Civil rights cases are expensive to bring and remarkably difficult to win.* Requiring a victim of civil rights violations to have to participate in multiple appeals goes against the policy favoring litigation proceeding with “least expense.”** Moreover, the public interest in promoting judicial economy is served by avoiding piecemeal appeals.***
Therefore, we celebrate the recent ruling in favor of Firm Client Kenneth Craig Miller. The trial court denied a Motion filed by two defendants to require Miller to immediately appeal the dismissal of those two defendants. If the trial court granted the Motion, Miller would have been required to be a party to at least three appeals.
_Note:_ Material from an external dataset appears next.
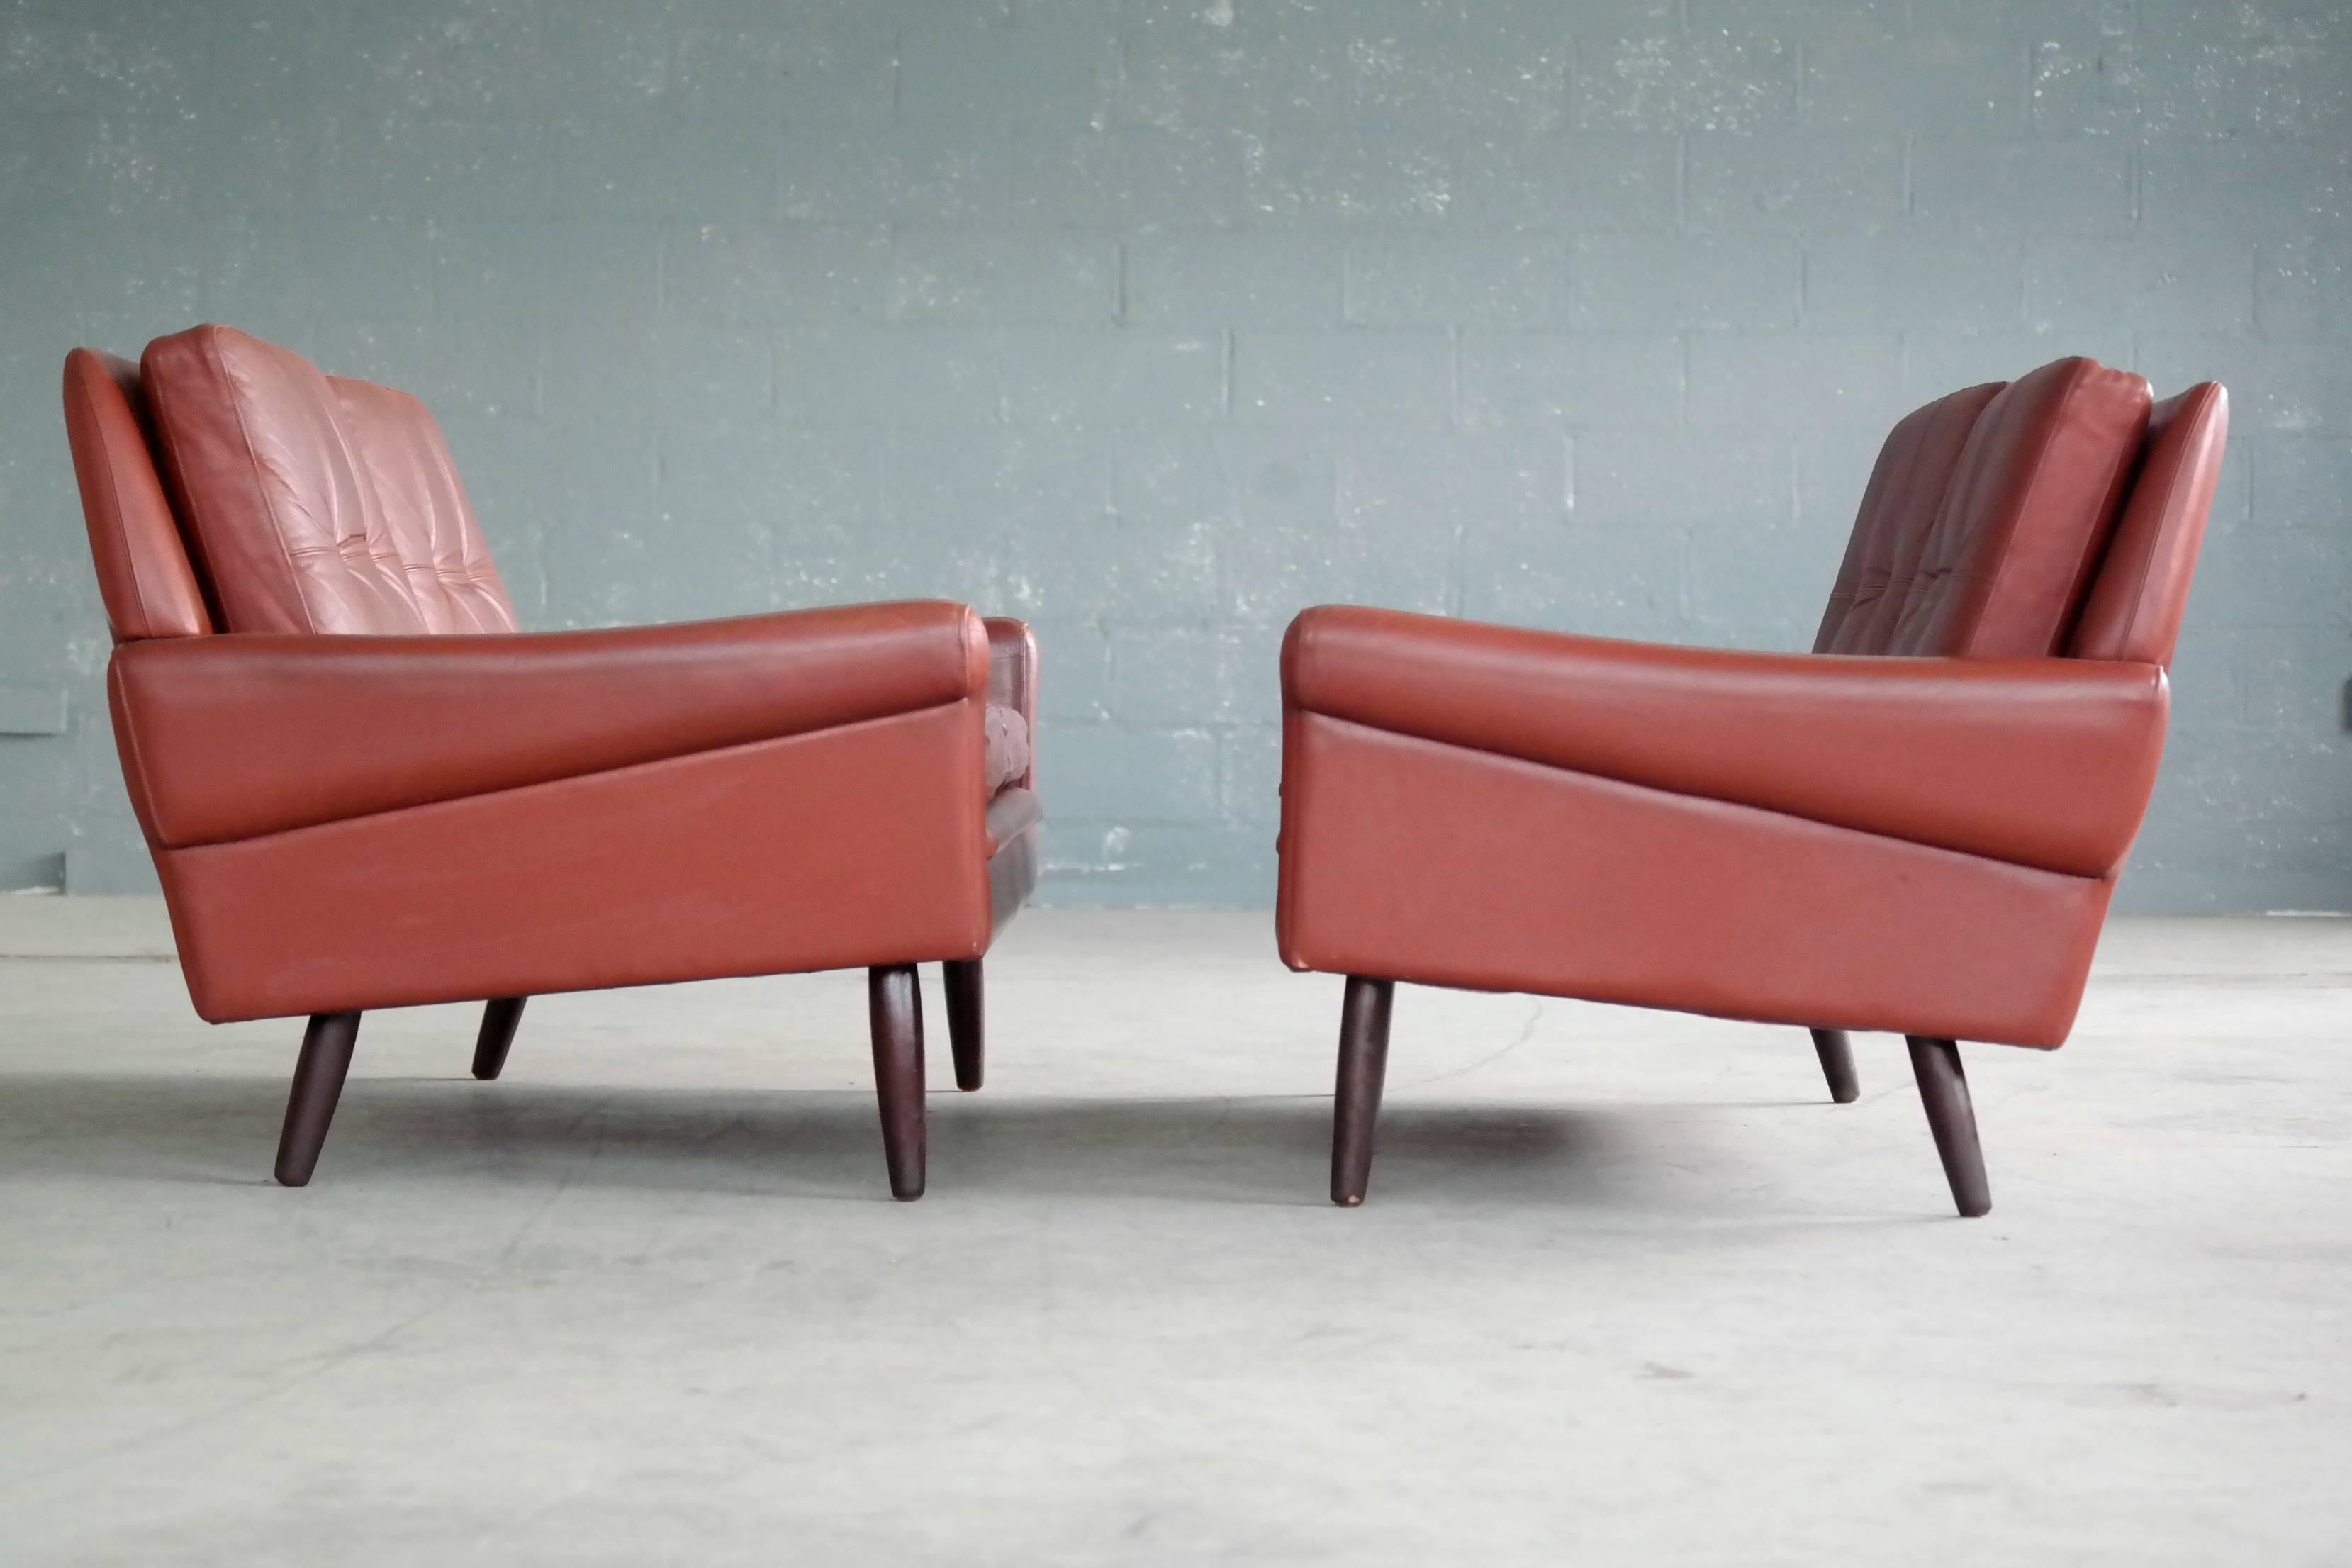 Mid-20th Century Pair of Sven Skipper 1960s Loveseats or Sofas in Reddish Brown Leather and Teak

See Magistrate Judge’s Order.
* See Paul MacMahon, The Inquest and the Virtues of Soft Adjudication, 33 Yale L. & Pol’y Rev. 275, 301 (Spring, 2015) (“In practice civil rights suits under § 1983 are remarkably difficult to win; individual officers are protected by qualified immunity, and various doctrines make it difficult to pursue supervisors or localities for damages suits except in the most egregious cases.”); L. Timothy Perrin, et al., If It’s Broken, Fix It: Moving Beyond the Exclusionary Rule, 83 IOWA L. REV. 669,740 (1998) (“the expense of bringing a court action, and the slowness with which such actions often proceed, remain as impediments to the effectiveness of § 1983 actions in deterring or compensating for police misconduct.”); Suzette M. Malveaux, Front Loading and Heavy Lifting: How Pre-Dismissal Discovery Can Address the Detrimental Effect of Iqbal on Civil Rights Cases, 14 Lewis & Clark L. Rev. 65, 105 n. 222 (2010)). (Discussing Professor Roy L. Brooks’ analysis of the Twombly decision on civil rights cases) (Twombly’s plausibility standard “disadvantages the prosecution of civil rights cases because it impose a difficult, if not impossible, burden on the plaintiff to make specific factual allegations about evidence (or ‘proof’) known only to defendants.”); Suzette M. Malveaux, Clearing Civil Procedure Hurdles in the Quest for Justice, 37 Ohio N.U. L. Rev. 621, 623-31 (2011) (Discussing recent procedural changes that have made it more difficult for civil rights plaintiffs to bring claims); See generally, Davis, Francois, & Starger, The Persistence of the Confederate Narrative, 84 Tenn. L. Rev. 301 (Winter, 2017).
** See, e.g. Tex. R. Civ. P. 1.
*** See Hageman v. City Investing Co., 851 F.2d 69, 72 (2d Cir. 1988).